Problem statement:
Would you repeat each line below precisely as it stands?

Input data:
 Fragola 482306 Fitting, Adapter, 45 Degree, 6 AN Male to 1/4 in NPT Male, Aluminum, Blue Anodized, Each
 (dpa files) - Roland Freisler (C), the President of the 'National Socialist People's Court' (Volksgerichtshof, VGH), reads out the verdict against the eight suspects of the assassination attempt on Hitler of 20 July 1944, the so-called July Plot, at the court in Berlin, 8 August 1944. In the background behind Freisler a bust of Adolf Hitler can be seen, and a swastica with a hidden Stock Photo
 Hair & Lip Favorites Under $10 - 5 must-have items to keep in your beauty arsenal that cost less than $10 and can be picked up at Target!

Answer section:
 Fragola 482306 Fitting, Adapter, 45 Degree, 6 AN Male to 1/4 in NPT Male, Aluminum, Blue Anodized, Each
 (dpa files) - Roland Freisler (C), the President of the 'National Socialist People's Court' (Volksgerichtshof, VGH), reads out the verdict against the eight suspects of the assassination attempt on Hitler of 20 July 1944, the so-called July Plot, at the court in Berlin, 8 August 1944. In the background behind Freisler a bust of Adolf Hitler can be seen, and a swastica with a hidden Stock Photo
 Hair & Lip Favorites Under $10 - 5 must-have items to keep in your beauty arsenal that cost less than $10 and can be picked up at Target!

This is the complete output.